我半夜爬起来喂奶那次,奶瓶还没热好,孩子已经哭到脸发紫。我手忙脚乱地试温度,腰像断了一样疼,眼泪在眼眶里打转,却连哭的力气都没有。那时候我就想,这哪是当妈,简直是当超人。
坐月子第二十天,我爸妈送来三只帝王蟹。陆屿川乐呵呵地拍照发朋友圈,说“岳父岳母给清禾补身体的”。我抱着孩子,心里却直打鼓——这朋友圈一发,他妈和他妹准得来。
果然,水刚烧开,门铃就响了。赵春莲拎着水果,笑得跟真来探望我似的。陆晓雯踩着小高跟,眼睛直往厨房瞟。我抱着孩子,没说话,心里却清楚得很——她们哪是来看我,是来分螃蟹的。
赵春莲摸着蟹腿,嘴上装样子:“哎呀,这么大,清禾一个人哪吃得完。”陆晓雯接得比谁都快:“就是啊,嫂子现在坐月子,胃口能有多大?这么好的东西放久了就不鲜了。”我听着,心里直冒火——前几次燕窝、海参,还有孩子的礼盒,哪次不是这样被拿走的?
陆屿川还帮腔:“妈,晓雯,你们拿一只回去吧,清禾吃不了这么多。”我抬头看他,心里那股委屈和火终于顶上来:“不行。这三只是我爸妈送来给我坐月子的,不分。”赵春莲脸色变了:“你这孩子,说什么分不分的,一家人吃点东西还这么见外。”
“一家人?”我冷笑,“一家人不是拿来伸手的。谁惦记谁心里清楚。”陆晓雯立马皱起眉:“嫂子,你这样就没意思了吧?我和妈特意过来看你,你倒好,几只蟹捂得这么紧。”

赵春莲更来劲了:“你现在脾气见长啊。你爸妈送点东西过来,你还真当金贵东西供起来了?说句不好听的,你现在吃的住的,哪样不是在陆家?你嫁过来了,东西自然就是这个家的。”

我听得脑仁都疼,正想说话,门开了——我爸我妈站在门口,手里还拎着保温桶和水果。我爸脸色沉得能滴水:“我说怎么打清禾电话一直占线,原来家里这么热闹。”
我妈看见我站着,眼圈都红了,赶紧过来扶我坐下。我爸走到厨房门口,看着赵春莲:“我给我女儿送点吃的,是让她坐月子补身子的,不是让别人上门来分的。”赵春莲还嘴硬:“一家人,分这么清干什么?”
我爸冷笑:“你错了。不是她没把婆家放眼里,是你们压根没把她当人看。”赵春莲脸涨得通红:“你这人怎么说话呢?”
“我就这么说话。”我爸一点没让,“今天我把话撂这儿,以后我们送给清禾的东西,谁也别伸手。她愿意给,是她的情分;她不愿意给,谁也没资格抢。”
陆屿川那一下明显僵住了。我爸转头看他:“屿川,我女儿在你家坐月子,不是来受气的。这事,你管不管?”陆屿川沉默了几秒,终于开口:“不会了。以后清禾爸妈送来的东西,你们别再动了。”
赵春莲气得脸都青了,甩手就走。陆晓雯也拉着她,脸色难看得不行。门“砰”地一声带上,屋里终于安静了。
陆屿川走过来,低声说:“清禾,对不起。”我没看他,只盯着那三只帝王蟹,心里说不上是什么滋味。对不起这三个字,太轻了——轻得压不住这些天的委屈,也压不住那一句句“一家人”。

后来陆屿川真把备用钥匙要了回来,还换了门锁。我慢慢想明白了,这事根本不是蟹的事——有些人嘴上总说一家人,心里盘算的却一直是你还能再让多少。
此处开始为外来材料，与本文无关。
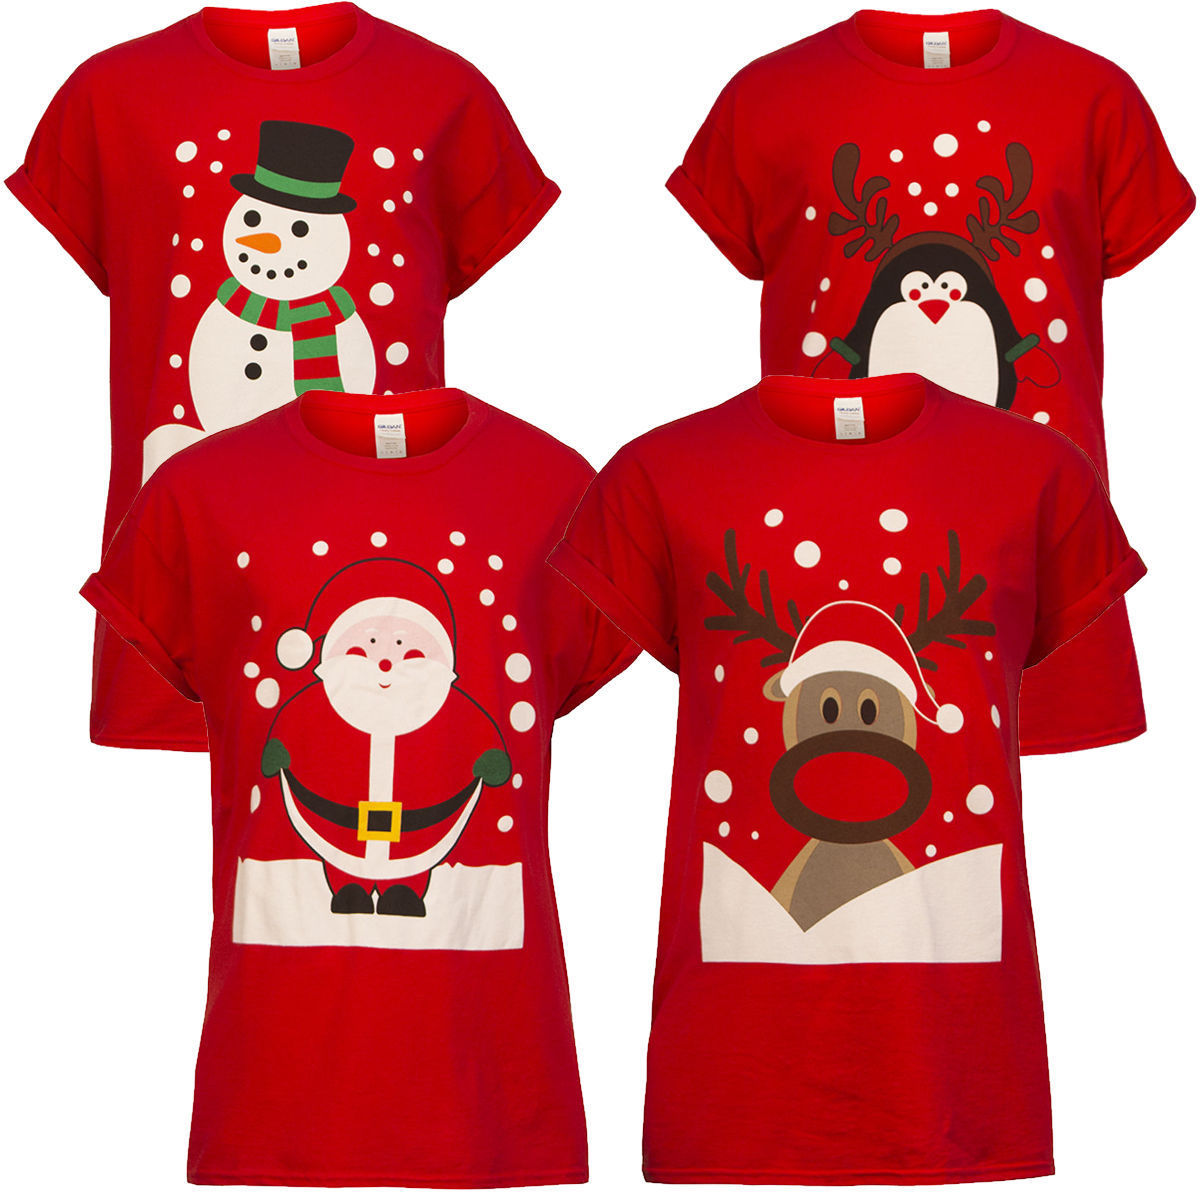 HIRIGIN 2018 Fashion Hot Men Women Adults Unisex Novelty Christmas Xmas T-shirt Top Casual Tee Festive Gift

可人活一辈子,谁也不是专门给别人当软柿子的。
坐月子那段日子,本来就虚,身体虚,心也敏感。你越是这个时候,越能看清楚身边的人到底把你当什么。是当一家人,还是当一个能被顺手牺牲、顺手委屈、顺手让步的人。
我现在就认准一个理:我的东西,我说了算。谁也别想替我做主。